Amanda Nunes (20-4) heads into her latest UFC title fight against Megan Anderson (11-4) widely acclaimed as the greatest female MMA fighter of all time.
But former UFC fighter Mark Weir believes the Brazilian should be in the conversation for greatest active fighter – across the men’s and women’s competition.
“I remember Ronda Rousey. I used to run down and watch her fight. And Nunes has taken over that mantle and sits on that throne. What she did against Cris Cyborg… Cyborg was taking everybody out, but she made Cyborg look like a beginner,” Weir told Sky Sports this week.
“I know at my gym, when she’s fighting, everybody talks about her. She’s made her mark. All the guys, not just the women, are all looking forward to it. So, to me, she puts my butt on the seat and I put her on the same pedestal as the great men’s champions like Usman and Adesanya.
“I think she’s so rounded she could take it to the level like Anderson Silva and Chuck Liddell, be the fighter all women aspire to be.”
Nunes’ credentials to be considered in the pantheon of greats are clear on paper. She’s only the third fighter in UFC history to hold two titles simultaneously after Conor McGregor and Daniel Cormier. She’s the first UFC fighter to defend two titles – bantamweight and featherweight – while actively holding them.
Nunes’ list of vanquished rivals also reads like a ‘who’s who’ of the sport – Rousey, Cyborg, Holly Holm and Miesha Tate have all tried and failed to go the distance with the 32-year-old from Pojuca, who fights out of Florida. And Weir maintains it is the style of the wins and the domination of two divisions, rather than records, that’s cemented Nunes’ legend status.
“Her power is unreal. When you go up a weight, you always think it will be a disadvantage, but she carried it over and was no different. And she can grapple, as well. It’s not like she’s just won her fights, she’s destroyed her opponents. To me, she’s more perfect than Ronda Rousey because she’s so well rounded.”
Weir points out though that ‘The Lioness’ has had to contend with a novel challenge in the build-up to her upcoming featherweight title defence against Anderson: it’s the first fight since Nunes’ partner, UFC strawweight contender Nina Ansaroff gave birth to their daughter, Raegan Ann. And Weir says you never know how parenthood can affect fighters.
“There’s no way she’s going to leave all the parenting to her partner,” he said. “She’ll be getting up in the night. I read in an interview that they’ve shared the times they get up, feeding and so forth and the routine. But fighters are used to adjusting sleeping patterns when we travel, so I’m sure she can handle it.”
Weir says his key to balancing fatherhood and fighting, for him, was switching into a narrow focus close to the contest – when rest and recovery become key.
“I was totally selfish when the fight was coming up,” he explained. “Every fighter knows the only thing you’re thinking about and dreaming about is winning that fight. Nothing’s more important. And, if it’s not, you’re going to go there and you’re going to get hurt. And I know her (Nunes’) partner is behind her one hundred percent.”
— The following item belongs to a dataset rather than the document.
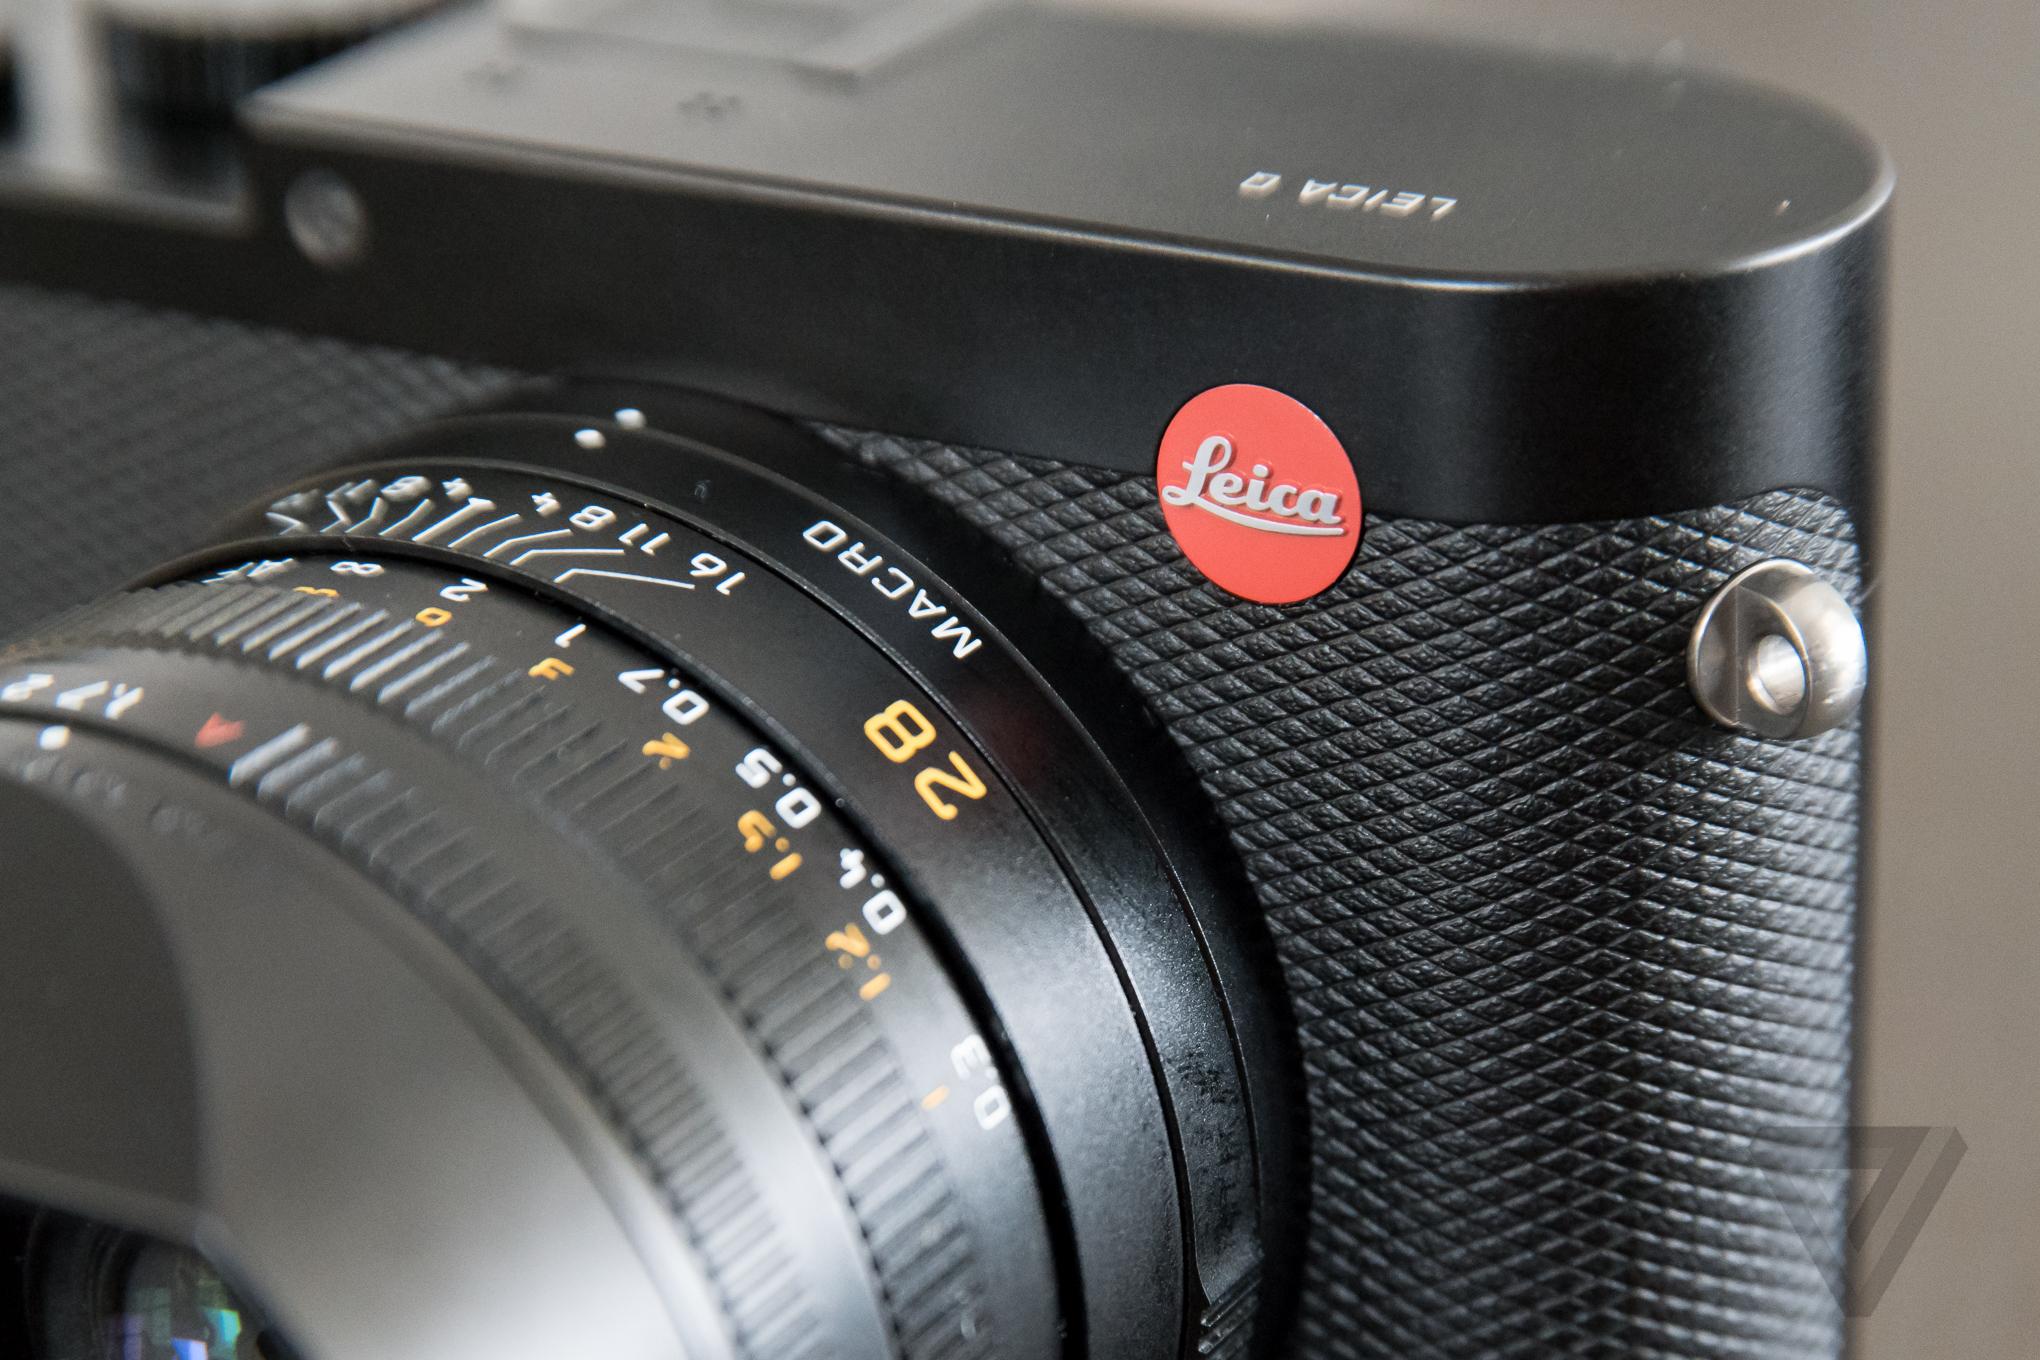 Huawei and Leica strike phone camera partnership

And come fight night, Weir expects Nunes to circumnavigate Megan Anderson’s height and reach advantages and record win number 21 in emphatic fashion.
“I think it will be a knockout, possibly a submission, but if I had to bet, I’d say knockout (for Nunes),” he predicted. “And probably I think round two, because she’s so in your face. She’ll wear her (Anderson) down. As small as she is, she’ll get inside and she’ll keep hitting her.”